Questo ci porta quindi a fornire una gamma molto ampia di trasporto, anche con il car sharing: noi abbiamo una società regionale che fornisce un car sharing diverso da quello disponibile nella singola città, perché oggi si può prendere un veicolo e girare all'interno della stessa città ma non andare oltre. Con E-Vai abbiamo creato un sistema diverso che consente di viaggiare su tutto il territorio regionale e poter lasciare il veicolo in qualsiasi stazione ferroviaria o aeroporto. Anche chi parte non si deve preoccupare di lasciare la macchina: quando rientra prende la macchina di E-Vai e ritorna a casa. Questo è uno dei tanti percorsi che stiamo facendo per creare interconnessione, e poi anche l'intermodalità è importante.
Non abbiamo parlato di una cosa importante: anche il trasporto merci è fondamentale. E sull'opera infrastrutturale, per esempio, quello che si sta facendo con il raddoppio e quadruplicamento della linea ferroviaria Milano-Genova: raggiungeremo Genova in cinquanta minuti da Milano. Quindi è un percorso importante, e di parte rilevante è il trasporto merci. Questo porta anche una migrazione del traffico verso la Liguria, ma ci permette anche di raggiungere il porto di Genova per il trasporto merci. Abbiamo anche il problema delle chiusure delle gallerie sull'asse ligure-padano, un'altra situazione che decide il livello nazionale, perché oggi queste chiusure ci costano 150 milioni di euro all'anno nel trasporto merci a livello nazionale.

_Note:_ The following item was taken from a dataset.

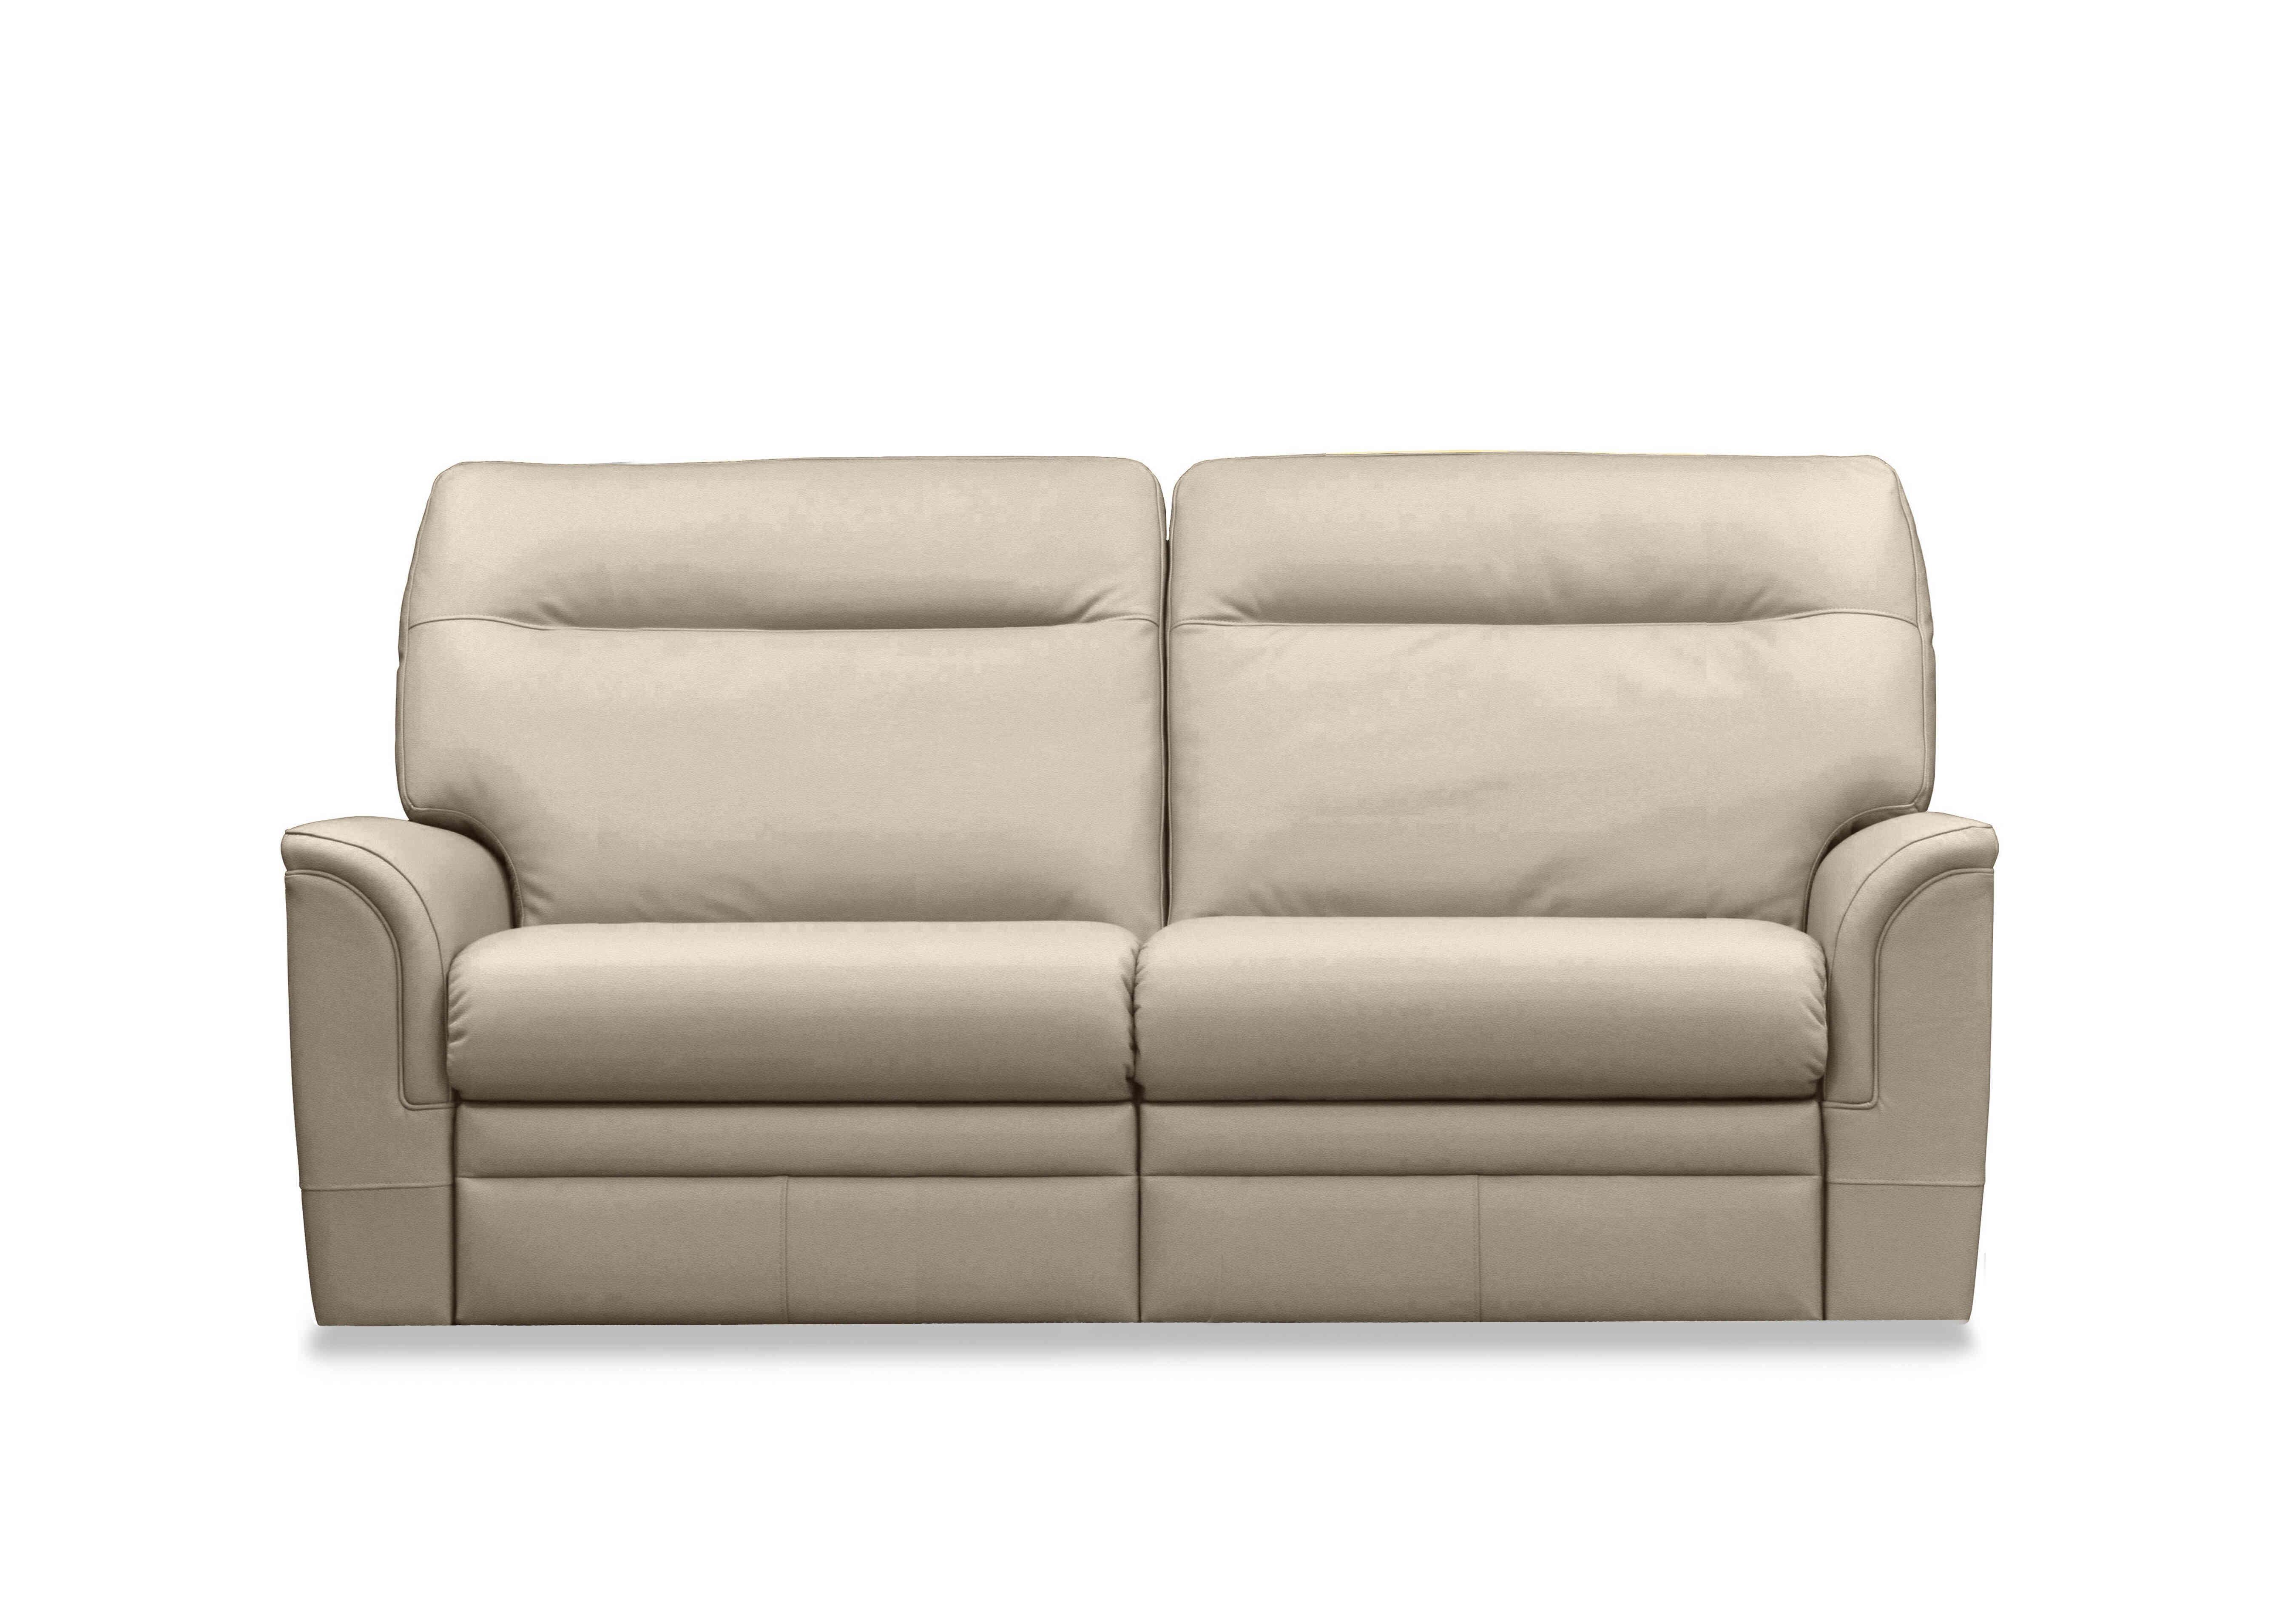 Hudson 23 Large 2 Seater Leather Sofa in Como Taupe 0053051-0019 on Furniture Village

Con questa nota preoccupante, però, concludiamo una conversazione in realtà molto positiva e con tanti movimenti positivi. Questa chiacchierata si chiude qui: ringraziamo molto l'assessore. Buon lavoro e in bocca al lupo — già si vede che arriverà a buon fine. E invece invito chi ci ha seguito a continuare a seguire i programmi e le interviste e gli approfondimenti della nostra rete. Grazie.